> **WORK TO COMPLETE**
Repeat the first line of the listing and each line after it, exactly, through the line containing "B-046-L/P Research Location(s): Western".

> **EXTRACTED ENTRIES**
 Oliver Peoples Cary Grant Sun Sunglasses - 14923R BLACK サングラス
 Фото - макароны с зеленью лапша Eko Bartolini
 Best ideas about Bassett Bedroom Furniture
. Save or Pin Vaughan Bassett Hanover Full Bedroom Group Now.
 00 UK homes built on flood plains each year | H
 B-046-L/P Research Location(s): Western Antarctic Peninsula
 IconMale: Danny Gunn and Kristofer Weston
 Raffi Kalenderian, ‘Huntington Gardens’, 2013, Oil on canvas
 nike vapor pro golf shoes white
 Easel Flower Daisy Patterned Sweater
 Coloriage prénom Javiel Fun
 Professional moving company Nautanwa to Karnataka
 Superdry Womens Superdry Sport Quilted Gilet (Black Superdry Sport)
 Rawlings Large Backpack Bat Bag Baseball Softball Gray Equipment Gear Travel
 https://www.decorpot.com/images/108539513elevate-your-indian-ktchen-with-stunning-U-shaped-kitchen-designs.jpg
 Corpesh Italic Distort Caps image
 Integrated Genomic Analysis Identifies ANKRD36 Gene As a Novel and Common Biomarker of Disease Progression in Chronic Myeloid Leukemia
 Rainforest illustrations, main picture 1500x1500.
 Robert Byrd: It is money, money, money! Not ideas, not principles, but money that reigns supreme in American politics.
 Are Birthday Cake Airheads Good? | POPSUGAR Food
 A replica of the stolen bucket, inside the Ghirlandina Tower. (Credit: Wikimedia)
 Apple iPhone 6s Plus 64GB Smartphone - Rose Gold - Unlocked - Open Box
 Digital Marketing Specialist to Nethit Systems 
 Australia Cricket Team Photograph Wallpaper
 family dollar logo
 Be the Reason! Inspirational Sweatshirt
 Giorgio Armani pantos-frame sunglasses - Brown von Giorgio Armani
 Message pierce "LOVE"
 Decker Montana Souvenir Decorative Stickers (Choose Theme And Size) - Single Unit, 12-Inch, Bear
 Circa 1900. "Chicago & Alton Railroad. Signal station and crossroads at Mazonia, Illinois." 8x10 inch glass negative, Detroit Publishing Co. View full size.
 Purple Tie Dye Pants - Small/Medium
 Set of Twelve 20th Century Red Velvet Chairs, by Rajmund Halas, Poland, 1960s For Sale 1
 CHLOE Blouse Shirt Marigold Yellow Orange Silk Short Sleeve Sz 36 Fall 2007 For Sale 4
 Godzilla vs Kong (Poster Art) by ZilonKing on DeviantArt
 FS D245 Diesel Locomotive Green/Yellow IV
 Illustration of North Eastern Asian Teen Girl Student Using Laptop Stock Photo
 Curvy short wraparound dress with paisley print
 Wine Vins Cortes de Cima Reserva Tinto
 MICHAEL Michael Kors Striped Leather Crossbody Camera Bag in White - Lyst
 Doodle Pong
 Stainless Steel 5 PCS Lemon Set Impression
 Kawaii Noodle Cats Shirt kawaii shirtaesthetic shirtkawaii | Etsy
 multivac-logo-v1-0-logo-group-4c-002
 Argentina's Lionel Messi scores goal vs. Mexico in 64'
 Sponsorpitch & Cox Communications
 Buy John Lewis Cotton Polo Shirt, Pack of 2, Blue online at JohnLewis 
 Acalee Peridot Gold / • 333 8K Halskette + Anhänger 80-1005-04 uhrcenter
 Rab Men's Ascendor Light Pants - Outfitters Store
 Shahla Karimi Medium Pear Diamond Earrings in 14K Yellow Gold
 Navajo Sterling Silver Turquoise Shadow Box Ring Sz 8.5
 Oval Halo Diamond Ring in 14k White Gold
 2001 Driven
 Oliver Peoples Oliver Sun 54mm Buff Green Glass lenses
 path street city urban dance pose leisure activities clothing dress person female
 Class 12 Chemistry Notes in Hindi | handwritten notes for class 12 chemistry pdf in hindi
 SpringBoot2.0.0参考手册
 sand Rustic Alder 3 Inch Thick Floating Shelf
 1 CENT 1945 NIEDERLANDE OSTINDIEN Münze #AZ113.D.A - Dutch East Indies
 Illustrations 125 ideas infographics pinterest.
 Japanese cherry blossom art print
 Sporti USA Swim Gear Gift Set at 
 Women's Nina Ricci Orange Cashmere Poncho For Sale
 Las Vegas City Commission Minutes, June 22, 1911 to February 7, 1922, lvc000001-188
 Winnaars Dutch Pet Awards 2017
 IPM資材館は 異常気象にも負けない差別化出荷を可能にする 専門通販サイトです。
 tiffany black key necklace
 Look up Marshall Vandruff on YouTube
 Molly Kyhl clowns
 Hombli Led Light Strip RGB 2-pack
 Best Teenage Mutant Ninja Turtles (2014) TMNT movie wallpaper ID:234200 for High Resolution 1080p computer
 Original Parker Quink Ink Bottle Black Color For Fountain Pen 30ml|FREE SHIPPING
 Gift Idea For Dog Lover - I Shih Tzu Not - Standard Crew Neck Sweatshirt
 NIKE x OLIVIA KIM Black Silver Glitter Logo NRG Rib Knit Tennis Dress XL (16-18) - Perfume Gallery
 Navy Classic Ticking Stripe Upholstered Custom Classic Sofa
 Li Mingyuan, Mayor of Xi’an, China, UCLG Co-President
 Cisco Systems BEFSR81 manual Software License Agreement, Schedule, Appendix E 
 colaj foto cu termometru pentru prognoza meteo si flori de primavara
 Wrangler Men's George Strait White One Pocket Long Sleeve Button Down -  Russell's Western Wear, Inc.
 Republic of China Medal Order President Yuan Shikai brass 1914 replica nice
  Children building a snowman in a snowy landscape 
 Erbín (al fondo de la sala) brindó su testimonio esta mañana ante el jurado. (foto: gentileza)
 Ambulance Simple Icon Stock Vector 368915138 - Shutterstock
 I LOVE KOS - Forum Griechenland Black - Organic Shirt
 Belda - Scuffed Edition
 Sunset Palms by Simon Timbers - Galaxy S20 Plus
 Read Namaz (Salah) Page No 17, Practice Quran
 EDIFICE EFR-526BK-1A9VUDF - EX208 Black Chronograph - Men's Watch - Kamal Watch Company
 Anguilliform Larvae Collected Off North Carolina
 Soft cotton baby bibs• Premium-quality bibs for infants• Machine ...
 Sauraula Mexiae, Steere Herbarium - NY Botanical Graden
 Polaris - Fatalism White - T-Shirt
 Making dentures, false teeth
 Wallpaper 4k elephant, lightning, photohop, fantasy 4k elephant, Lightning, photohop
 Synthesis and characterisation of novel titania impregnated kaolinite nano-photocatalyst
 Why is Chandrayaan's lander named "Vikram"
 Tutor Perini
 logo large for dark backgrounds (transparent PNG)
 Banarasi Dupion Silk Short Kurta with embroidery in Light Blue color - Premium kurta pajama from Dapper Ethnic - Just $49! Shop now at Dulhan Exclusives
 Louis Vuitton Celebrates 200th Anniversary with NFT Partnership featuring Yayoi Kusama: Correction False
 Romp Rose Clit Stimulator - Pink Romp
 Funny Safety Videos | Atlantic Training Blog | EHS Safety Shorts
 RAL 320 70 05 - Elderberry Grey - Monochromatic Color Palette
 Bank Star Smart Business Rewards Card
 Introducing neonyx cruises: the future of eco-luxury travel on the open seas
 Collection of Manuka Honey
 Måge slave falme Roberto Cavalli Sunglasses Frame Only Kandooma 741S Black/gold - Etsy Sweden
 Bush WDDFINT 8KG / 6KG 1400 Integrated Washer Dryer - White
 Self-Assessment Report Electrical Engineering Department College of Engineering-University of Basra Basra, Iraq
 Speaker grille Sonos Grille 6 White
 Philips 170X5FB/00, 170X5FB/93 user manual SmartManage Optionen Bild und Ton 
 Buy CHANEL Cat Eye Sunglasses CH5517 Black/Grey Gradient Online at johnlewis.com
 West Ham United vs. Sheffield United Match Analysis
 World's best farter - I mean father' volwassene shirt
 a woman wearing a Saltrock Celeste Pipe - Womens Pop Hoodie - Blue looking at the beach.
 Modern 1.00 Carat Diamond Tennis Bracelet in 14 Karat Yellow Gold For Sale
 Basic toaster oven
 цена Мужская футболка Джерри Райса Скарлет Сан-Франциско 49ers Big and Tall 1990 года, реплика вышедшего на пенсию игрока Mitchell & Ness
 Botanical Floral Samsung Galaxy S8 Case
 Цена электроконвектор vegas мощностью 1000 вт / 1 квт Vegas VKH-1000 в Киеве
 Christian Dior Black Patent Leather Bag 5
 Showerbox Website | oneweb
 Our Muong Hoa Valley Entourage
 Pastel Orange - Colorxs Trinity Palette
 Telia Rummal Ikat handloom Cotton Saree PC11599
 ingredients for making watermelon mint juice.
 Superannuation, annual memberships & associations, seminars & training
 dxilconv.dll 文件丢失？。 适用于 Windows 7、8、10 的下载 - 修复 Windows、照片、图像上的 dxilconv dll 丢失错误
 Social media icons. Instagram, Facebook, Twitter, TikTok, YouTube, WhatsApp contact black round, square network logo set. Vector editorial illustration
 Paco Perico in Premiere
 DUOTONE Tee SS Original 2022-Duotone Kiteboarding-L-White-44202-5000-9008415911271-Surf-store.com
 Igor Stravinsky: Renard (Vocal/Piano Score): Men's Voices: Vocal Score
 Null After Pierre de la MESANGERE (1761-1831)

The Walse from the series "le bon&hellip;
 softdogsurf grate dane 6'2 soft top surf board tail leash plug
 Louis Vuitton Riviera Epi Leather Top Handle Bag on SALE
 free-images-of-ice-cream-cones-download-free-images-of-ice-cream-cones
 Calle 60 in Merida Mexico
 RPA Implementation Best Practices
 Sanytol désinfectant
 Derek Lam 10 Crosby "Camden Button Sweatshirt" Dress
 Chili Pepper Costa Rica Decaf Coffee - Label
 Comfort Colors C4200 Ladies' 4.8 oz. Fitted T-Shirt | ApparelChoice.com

> **WRITTEN SOLUTION**
 Oliver Peoples Cary Grant Sun Sunglasses - 14923R BLACK サングラス
 Фото - макароны с зеленью лапша Eko Bartolini
 Best ideas about Bassett Bedroom Furniture
. Save or Pin Vaughan Bassett Hanover Full Bedroom Group Now.
 00 UK homes built on flood plains each year | H
 B-046-L/P Research Location(s): Western Antarctic Peninsula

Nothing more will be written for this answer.